The records:
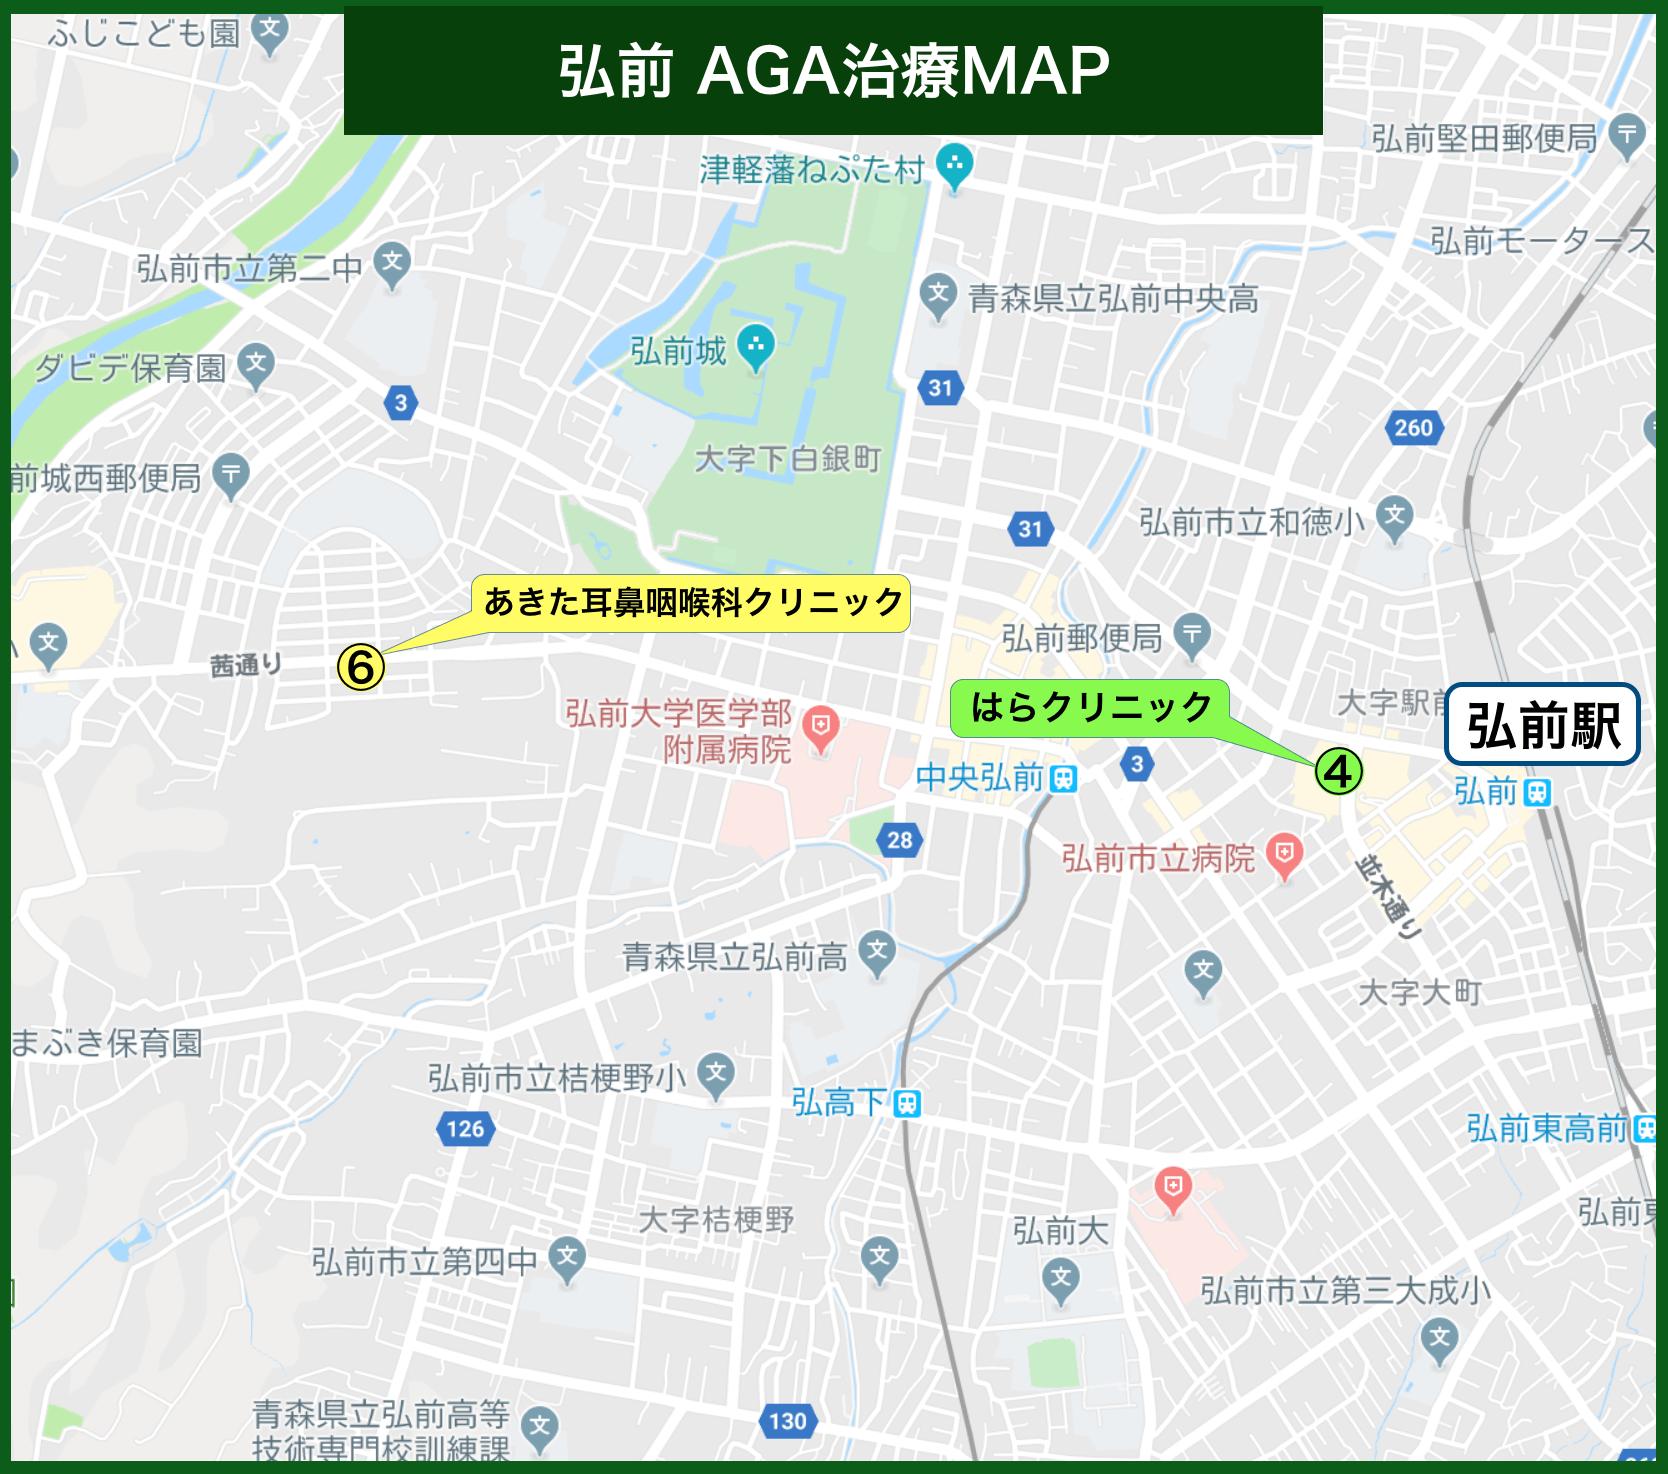 弘前AGA治療MAP(2020年版)
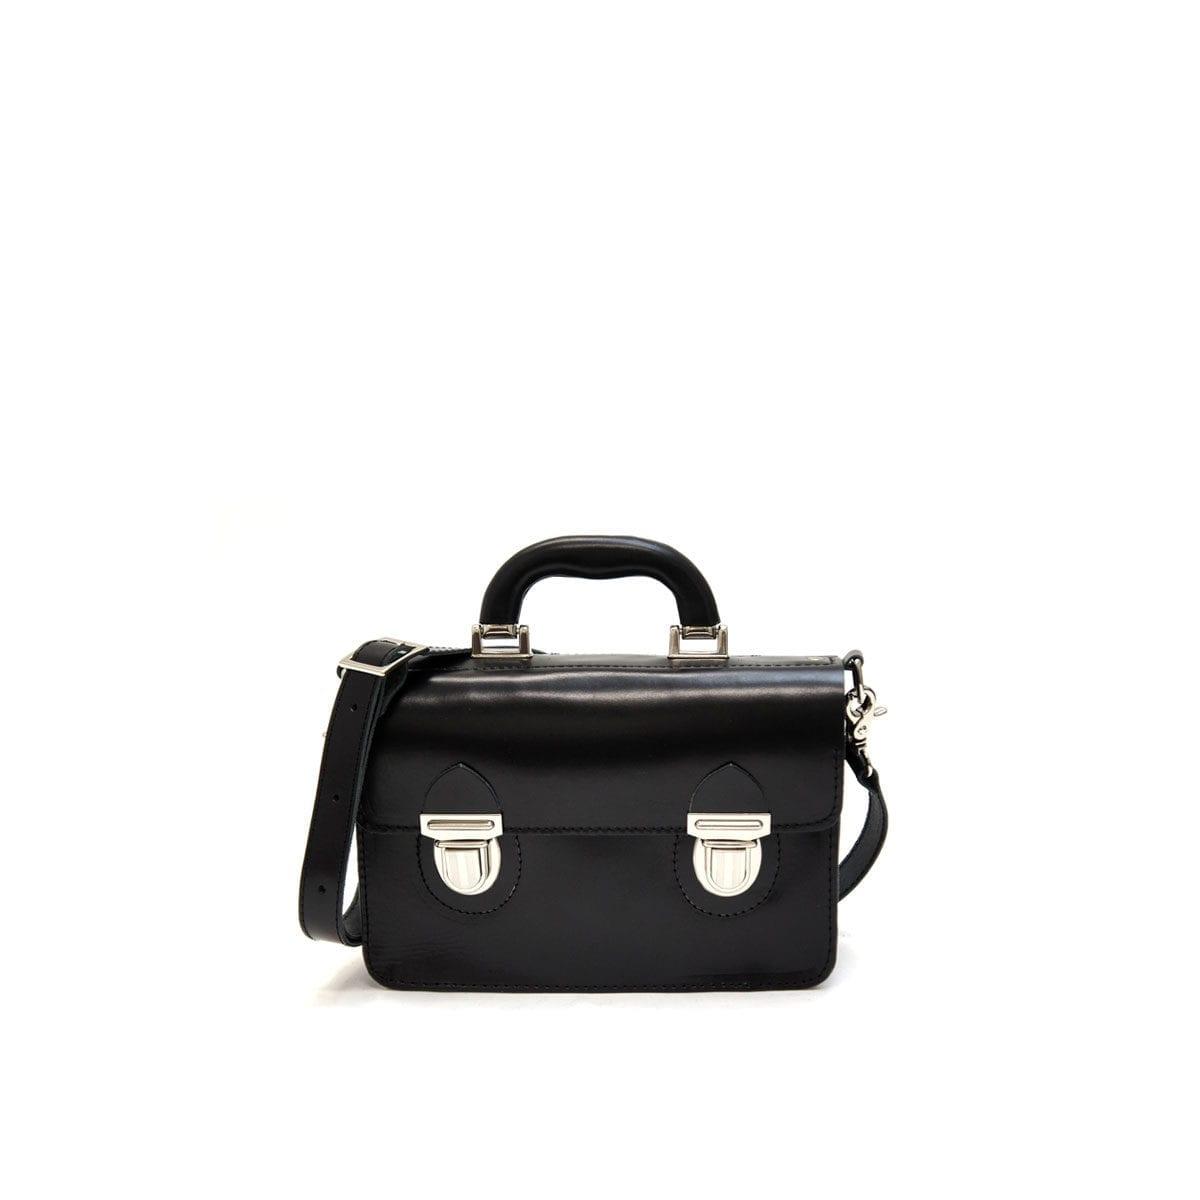 9db96bf6df Miki Small Postman Bag Black – Lumi Accessories
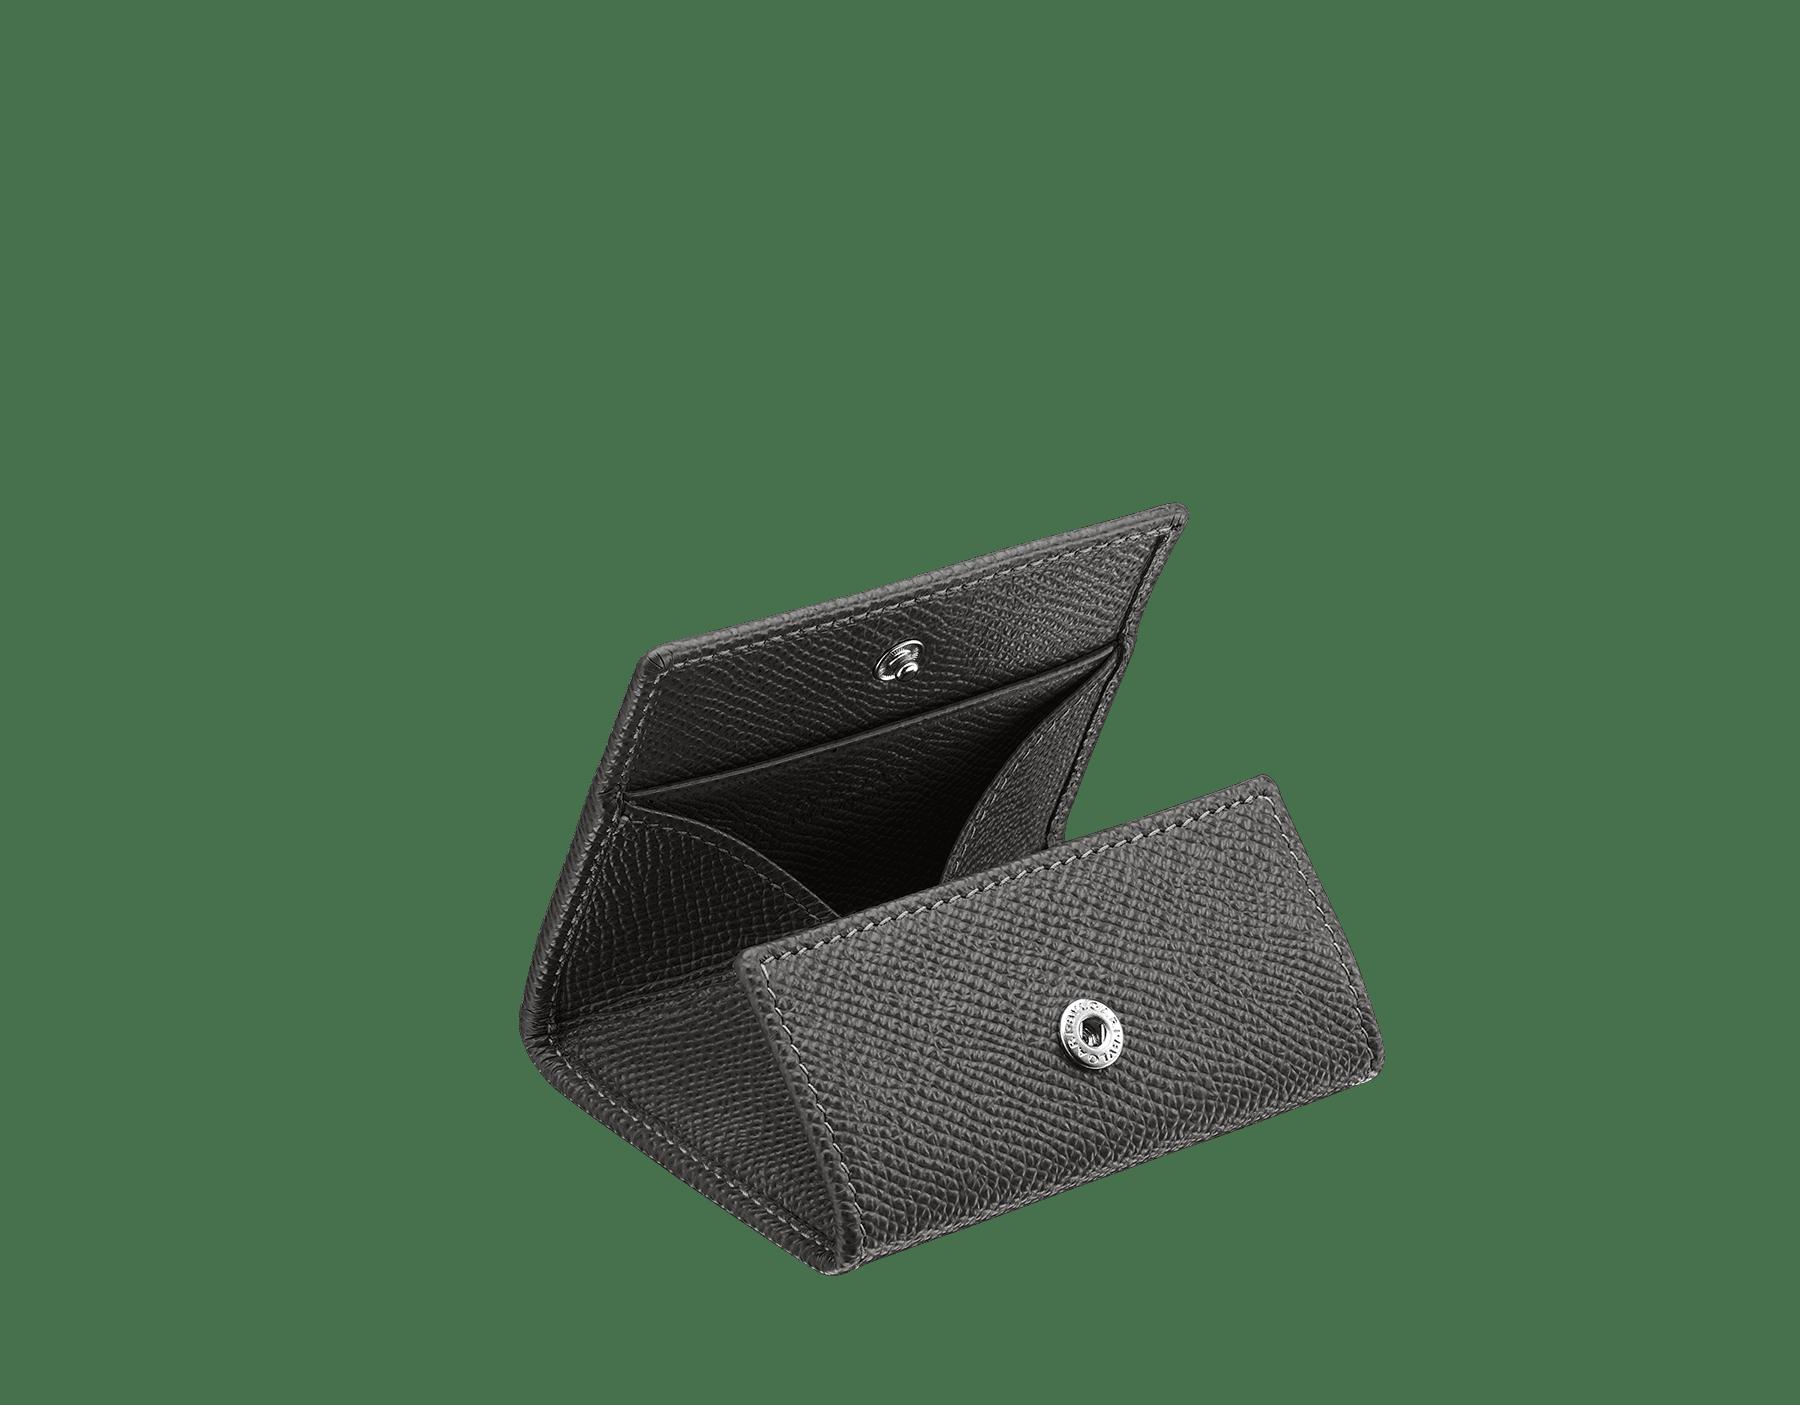 單寧藍珠面小牛皮零錢包,鍍鈀黃銅配飾,飾以 Bvlgari-Bvlgari 元素。 BBM-WLT-COIN image 2
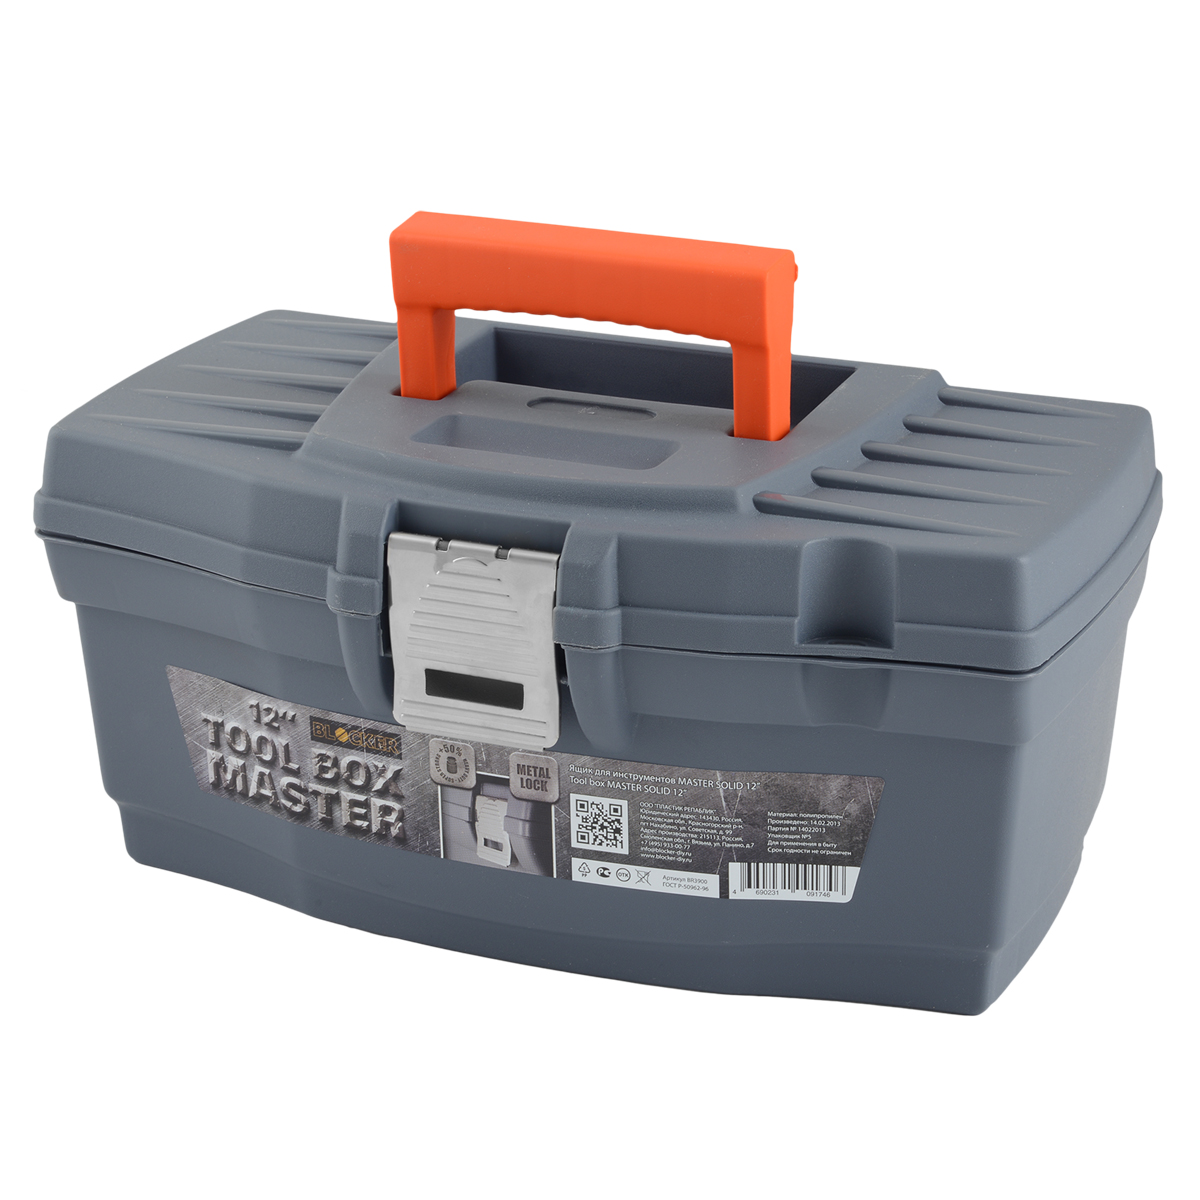 Ящик для инструментов Blocker Master Solid, цвет: серый, 320 х 185 х 152 ммBR3900СРСВИНЦСтильный ящик Blocker Master Solid предназначен для хранения и переноски инструментов. Ящик оснащен стальным замком уникальной конструкции. Небольшой, универсальный, удобный, надежный.
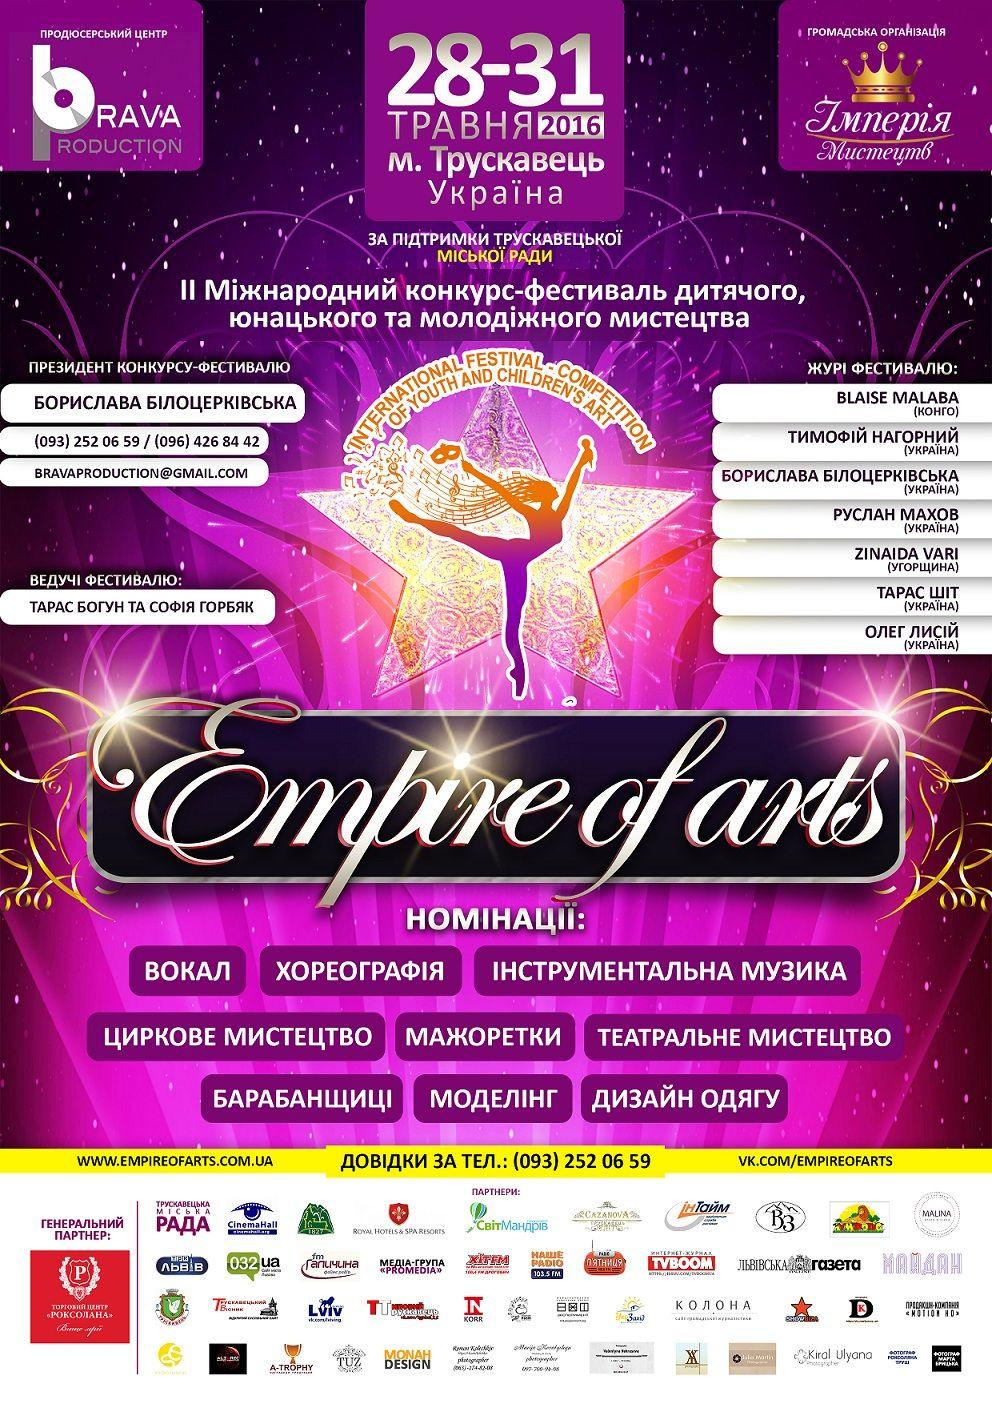 Empire of arts – грандіозна мистецька подія на Львівщині

Problem description: Once the line containing "單寧藍珠面小牛皮零錢包,鍍鈀黃銅配飾,飾以 Bvlgari-Bvlgari 元素。" has been located, transcribe exactly and only every line from the first line of the entries through it, excluding pictures.

Answer for the task:
 弘前AGA治療MAP(2020年版)
 9db96bf6df Miki Small Postman Bag Black – Lumi Accessories
 單寧藍珠面小牛皮零錢包,鍍鈀黃銅配飾,飾以 Bvlgari-Bvlgari 元素。 BBM-WLT-COIN image 2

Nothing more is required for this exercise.